→ Activity
When you transcribe the listing that follows, keep every line exact and omit the pictures.

→ Information shown
________
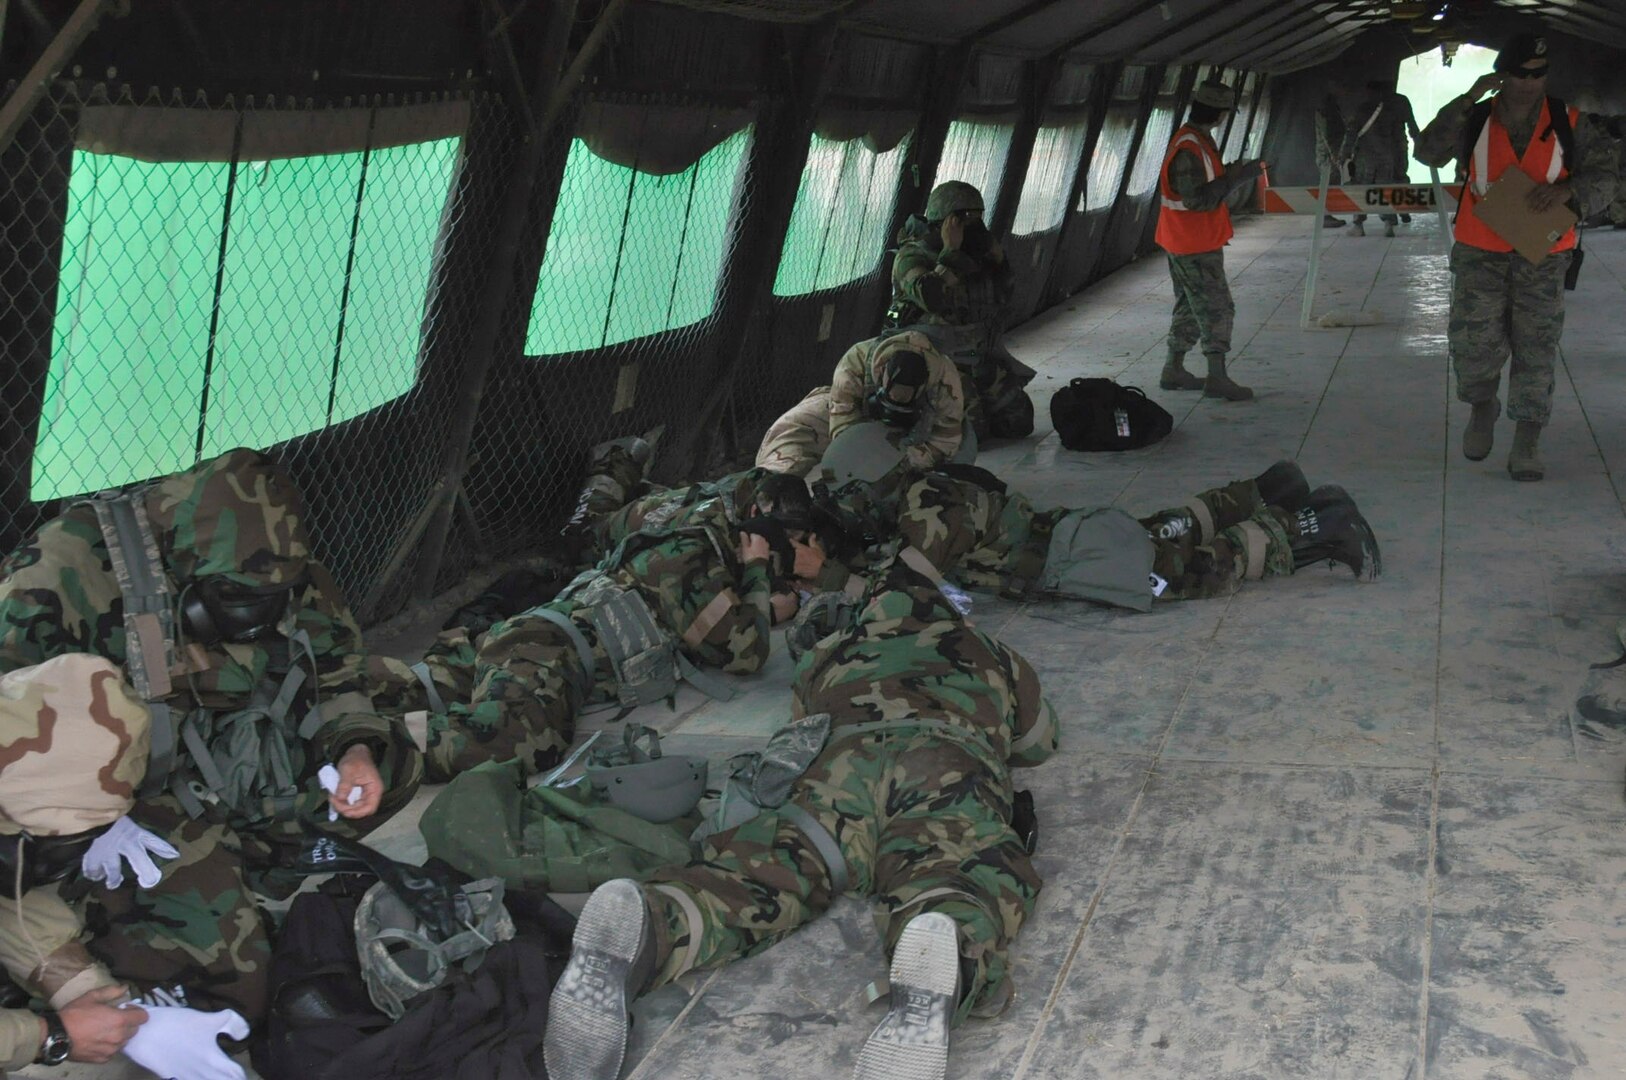 Members of the 433rd Operations Group react to a simulated attack by dropping to the ground and putting on their Mission Oriented Protective Posture gear during the Steel Thunder exercise Nov. 5, 2016 at Joint Base San Antonio-Lackland. Members were also required to observe what was going on during the attack and report it accurately. (U.S. Air Force photo/Senior Airman Bryan Swink)
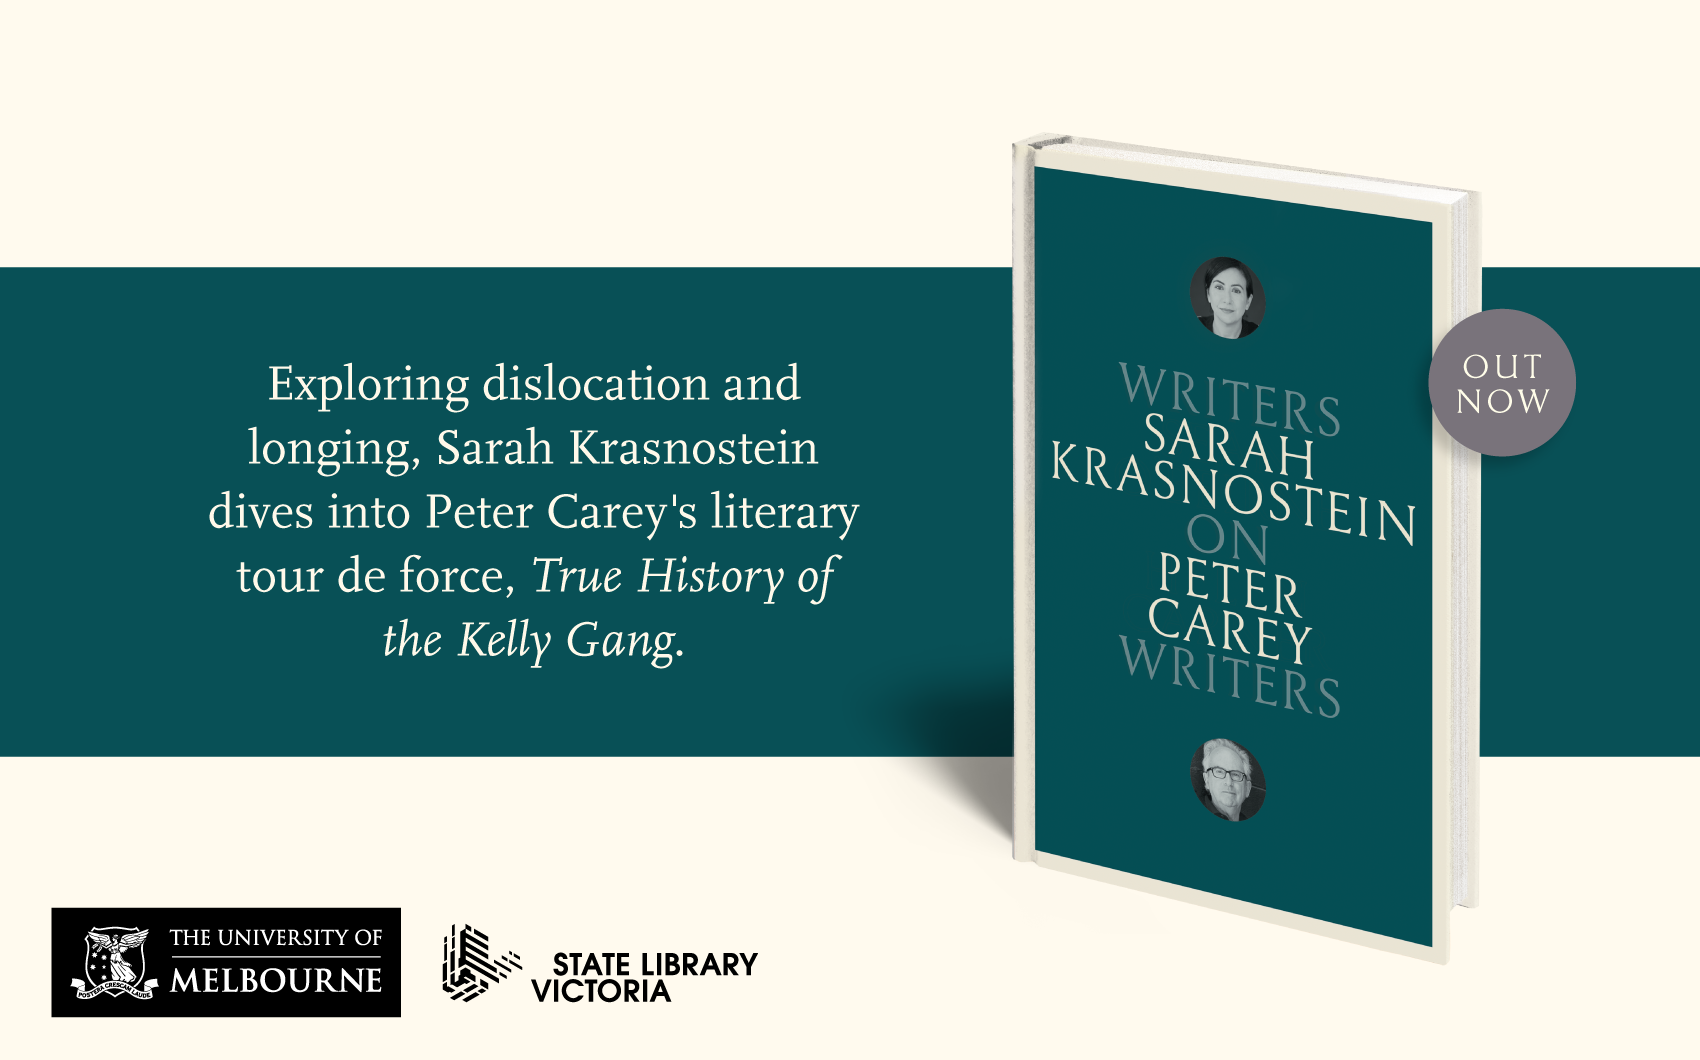 Out now: On Peter Carey
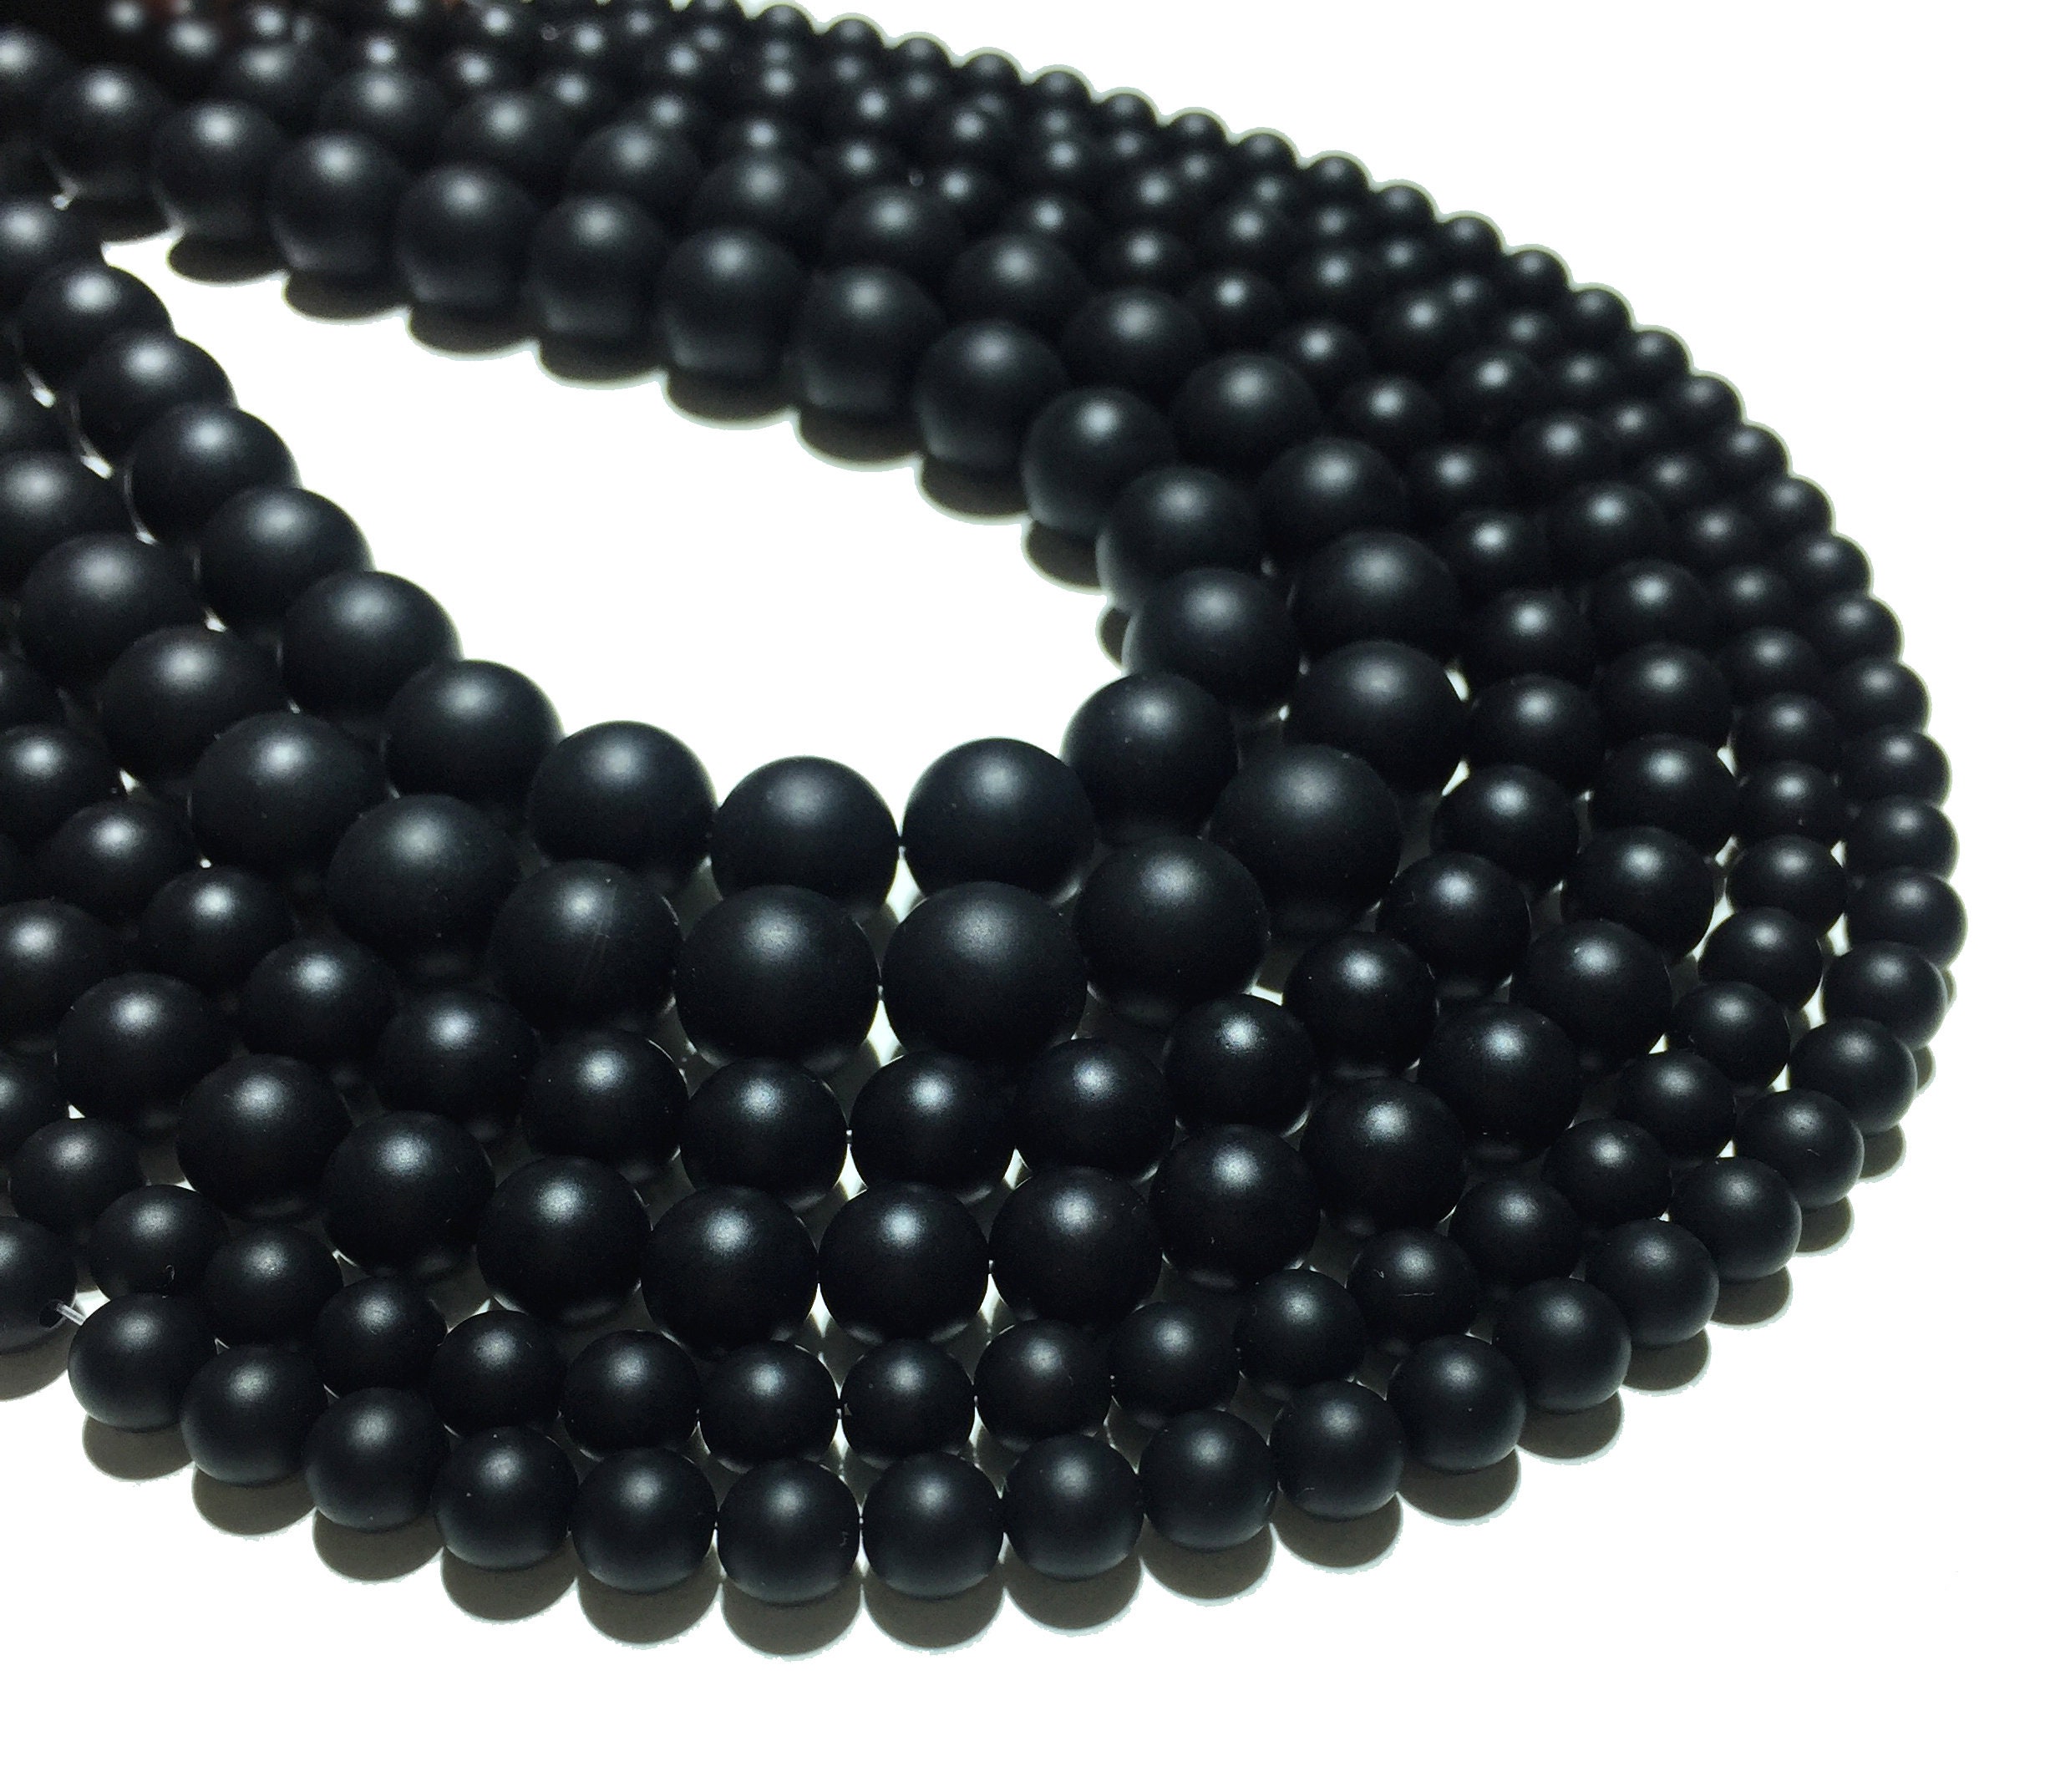 Natural Matte Black Onyx Gemstone Loose Beads,6mm 8mm 10mm Bracelet Spacer Beads,DIY Jewelry Accessory 1 Strand
________
→ Completed exercise
 Members of the 433rd Operations Group react to a simulated attack by dropping to the ground and putting on their Mission Oriented Protective Posture gear during the Steel Thunder exercise Nov. 5, 2016 at Joint Base San Antonio-Lackland. Members were also required to observe what was going on during the attack and report it accurately. (U.S. Air Force photo/Senior Airman Bryan Swink)
 Out now: On Peter Carey
 Natural Matte Black Onyx Gemstone Loose Beads,6mm 8mm 10mm Bracelet Spacer Beads,DIY Jewelry Accessory 1 Strand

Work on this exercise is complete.